** Problem to solve **
Output the line that contains "schles-email-dinner-rweek-2019" together with each line after it, through the final line of the listing below, word for word; omit pictures.

** Data excerpt **
╭──

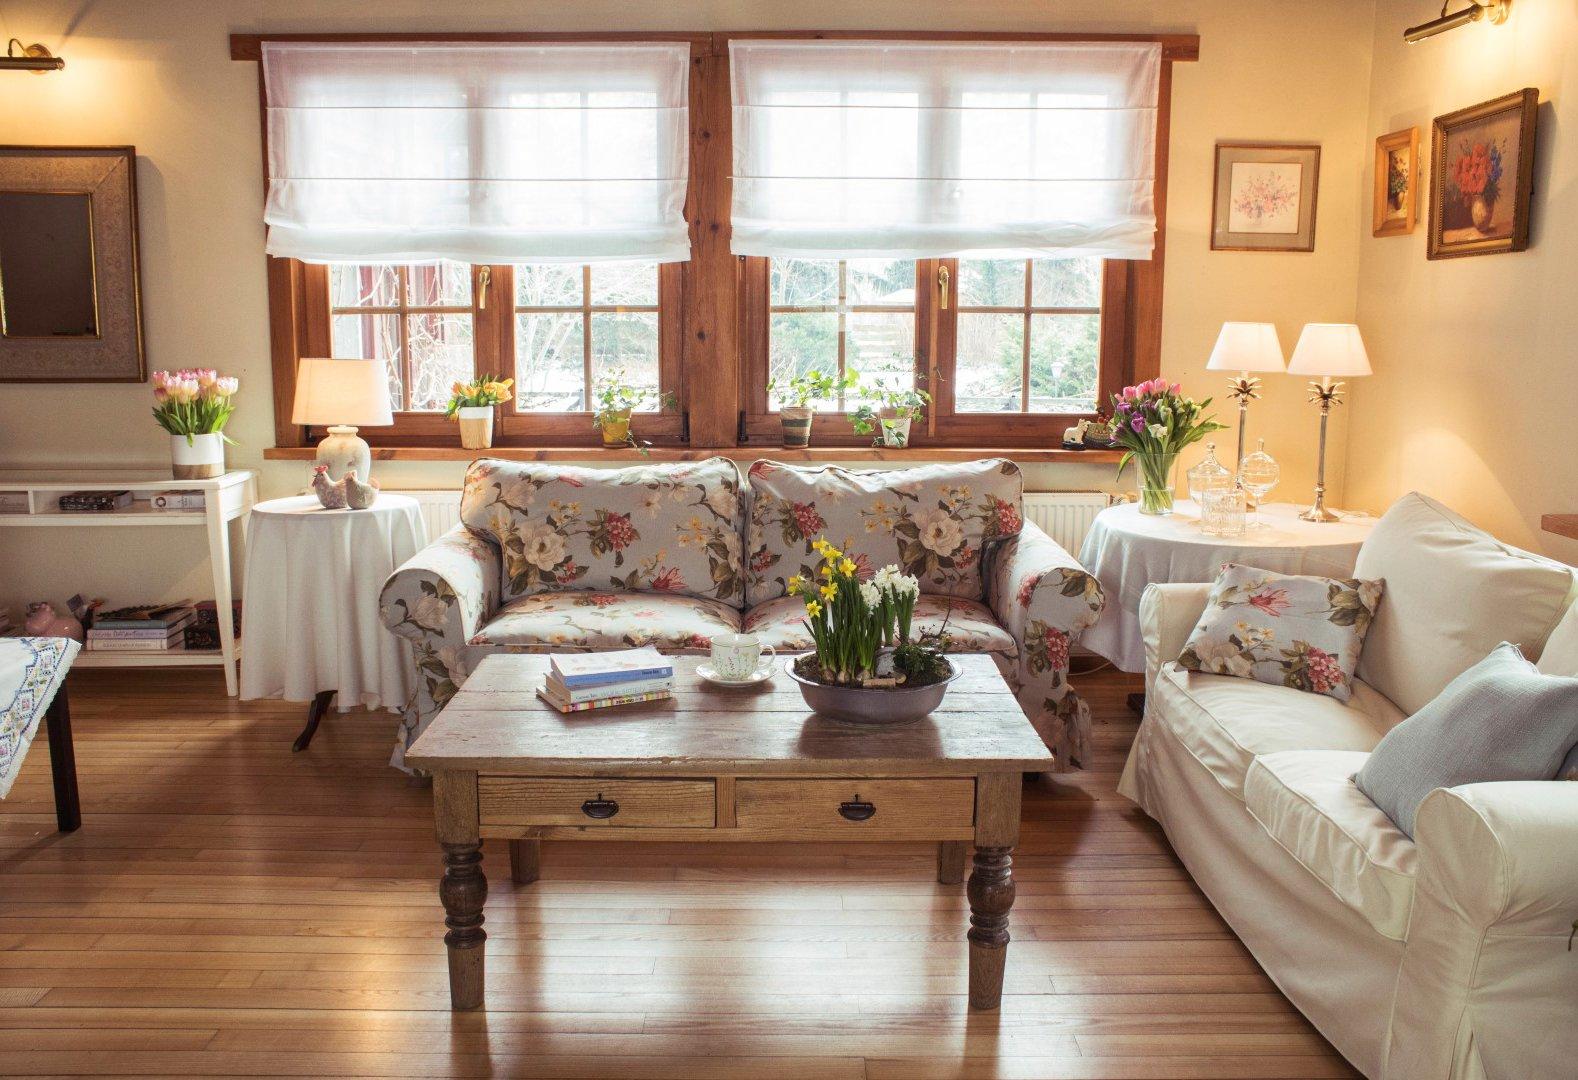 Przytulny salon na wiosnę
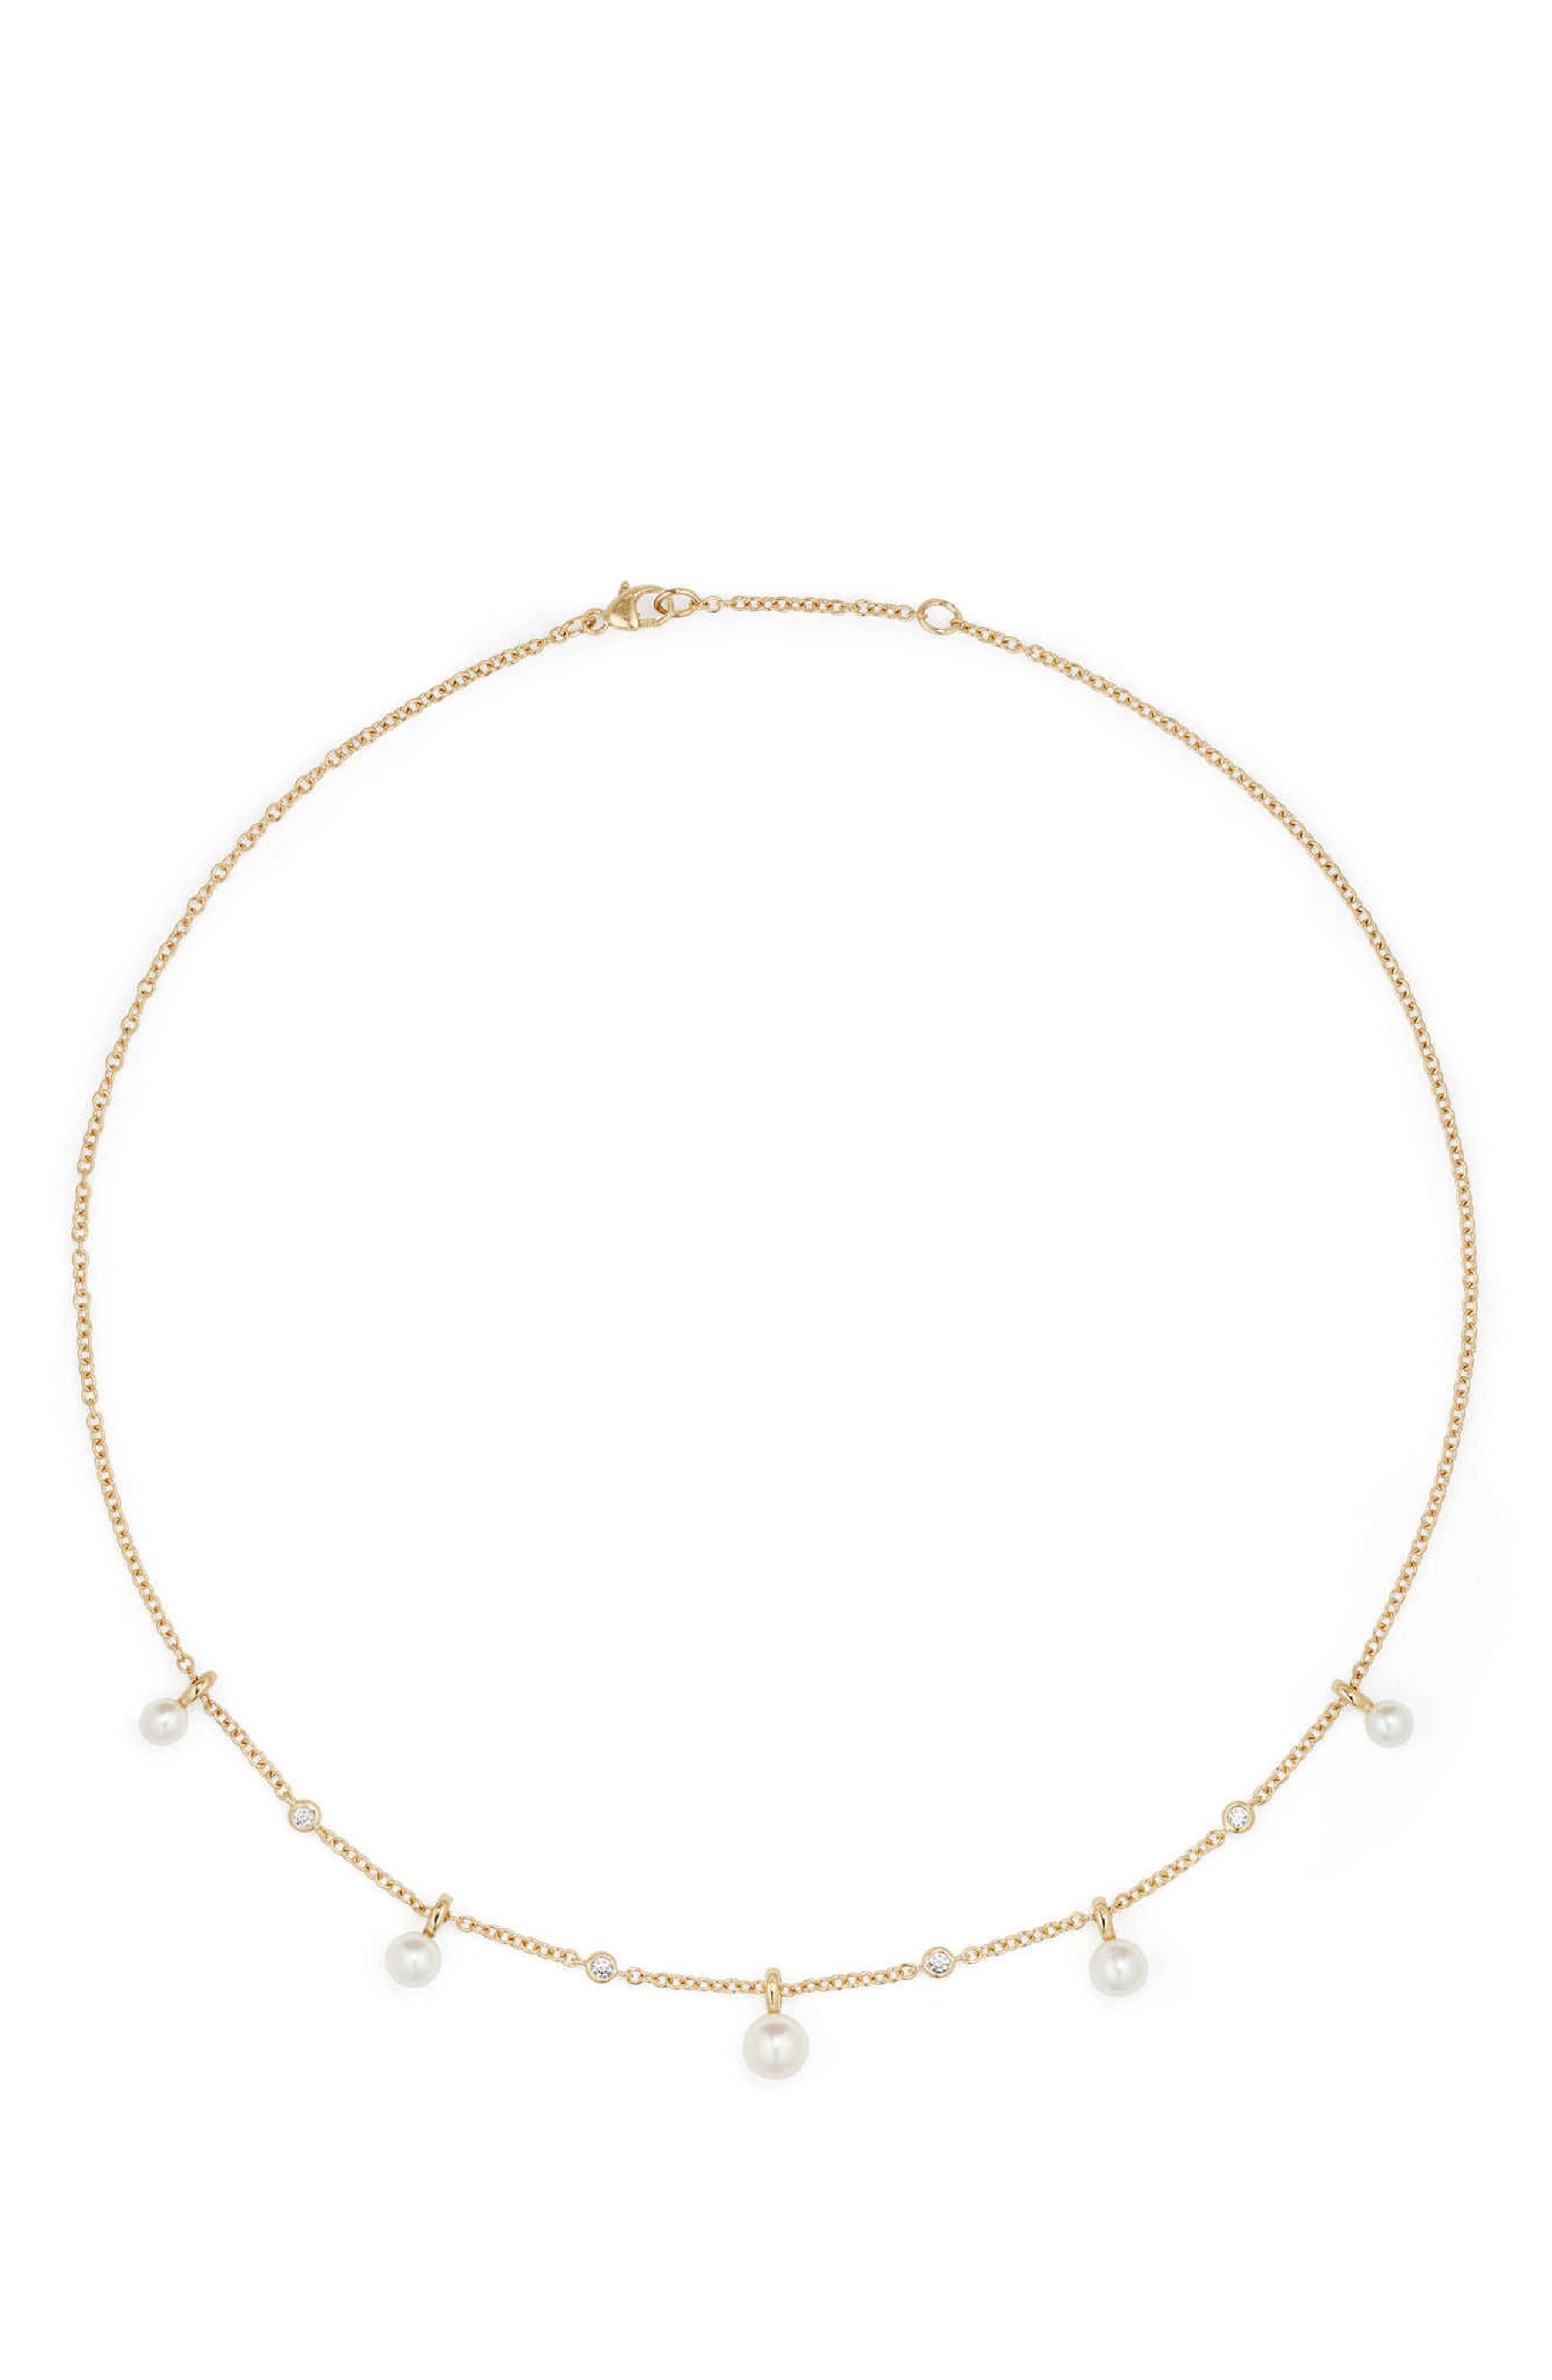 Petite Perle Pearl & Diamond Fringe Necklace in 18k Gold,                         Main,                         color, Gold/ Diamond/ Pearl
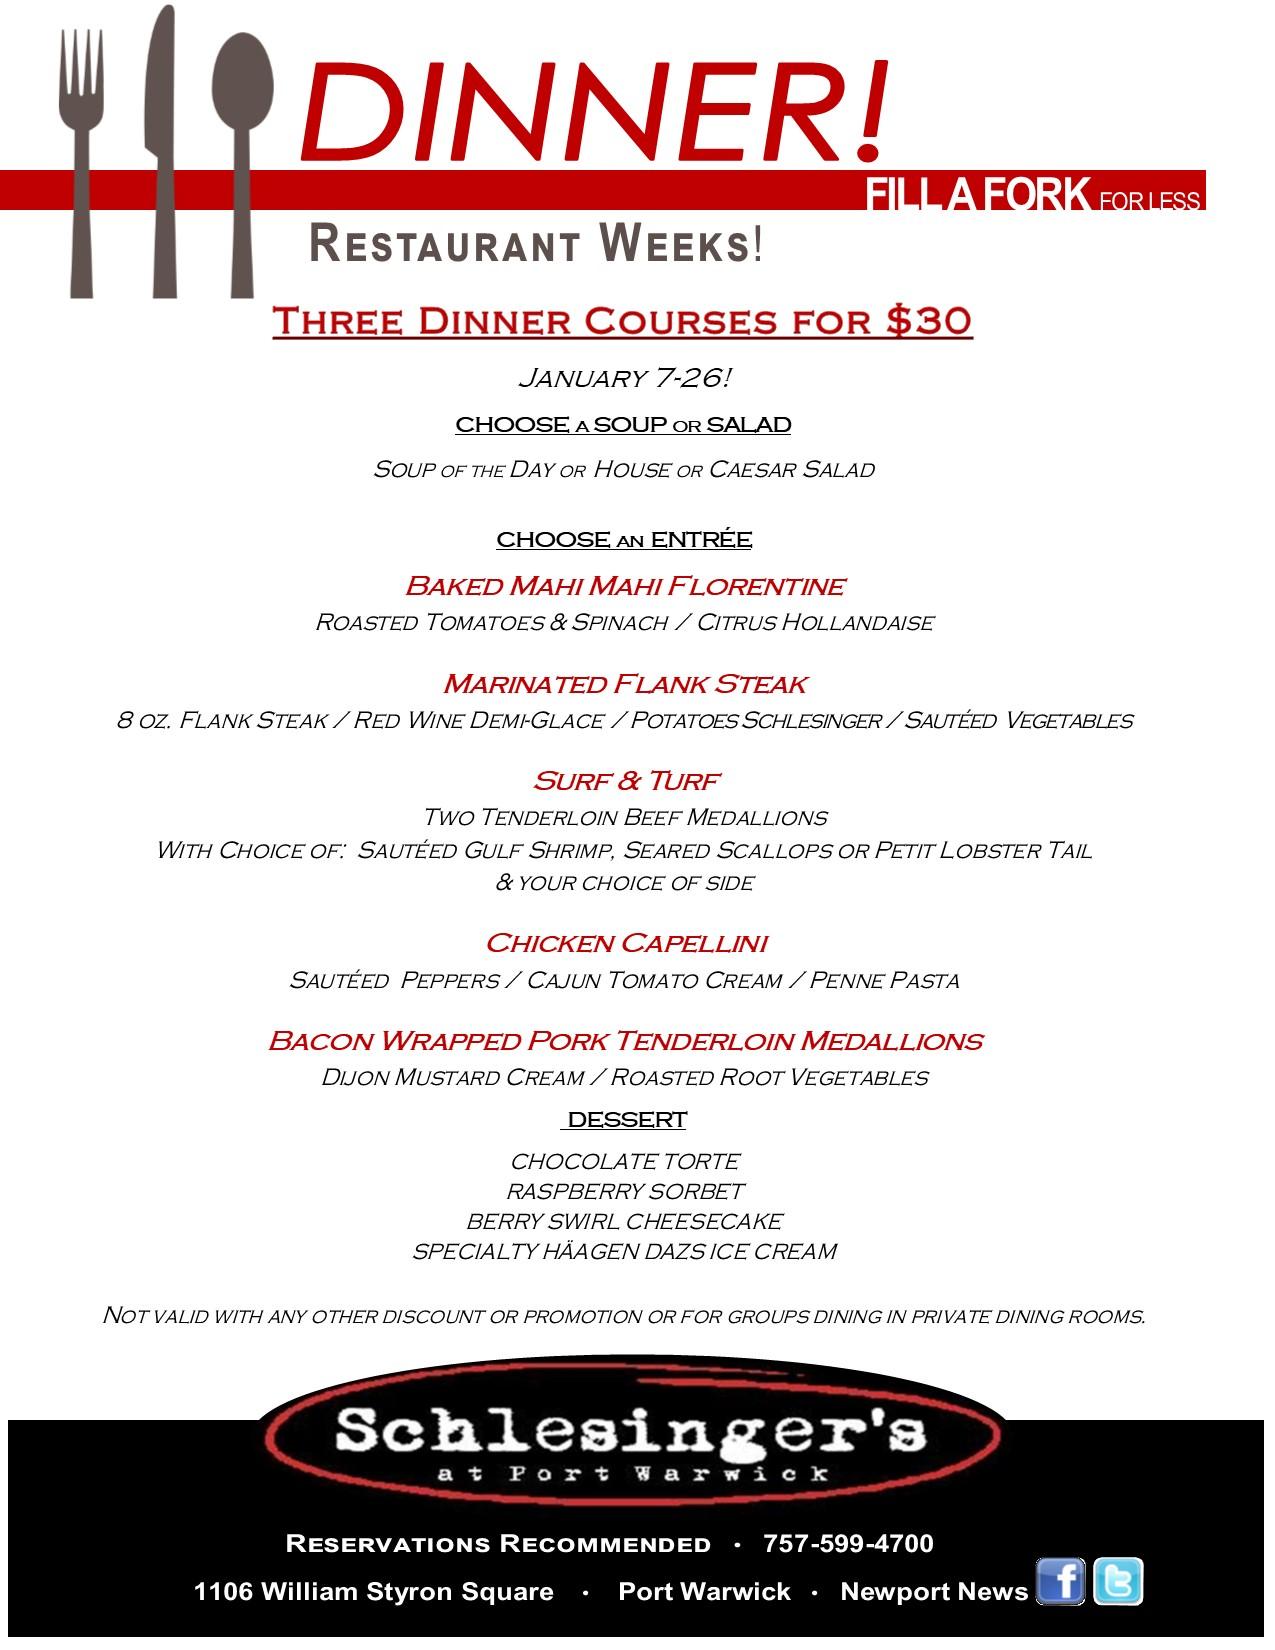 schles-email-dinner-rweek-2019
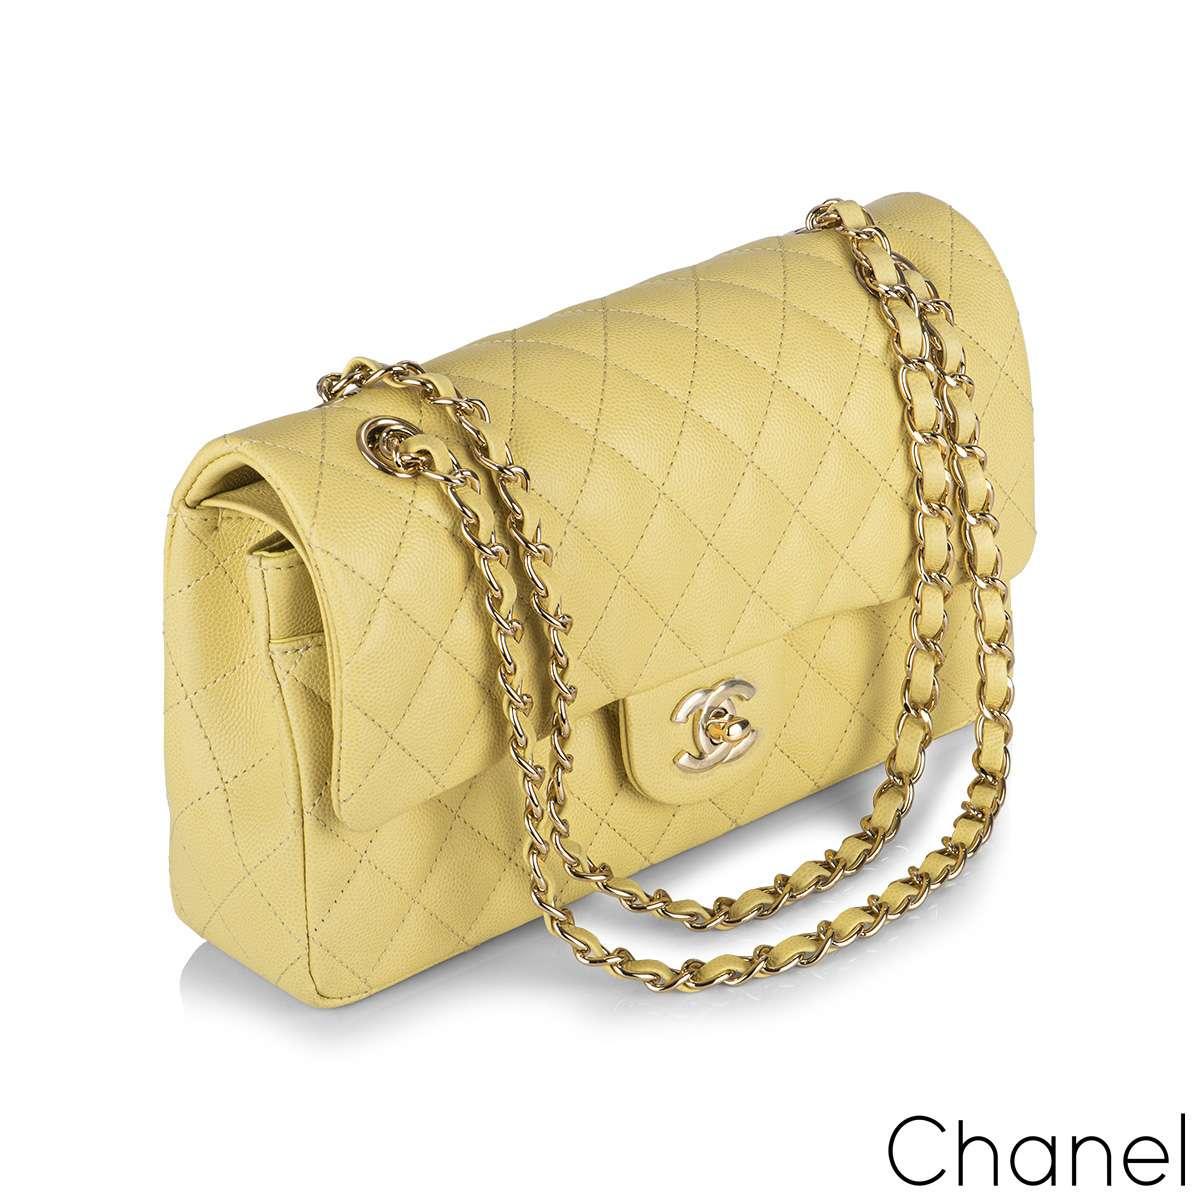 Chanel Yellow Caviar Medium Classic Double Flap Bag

╰──

** Result of this exercise **
 schles-email-dinner-rweek-2019
 Chanel Yellow Caviar Medium Classic Double Flap Bag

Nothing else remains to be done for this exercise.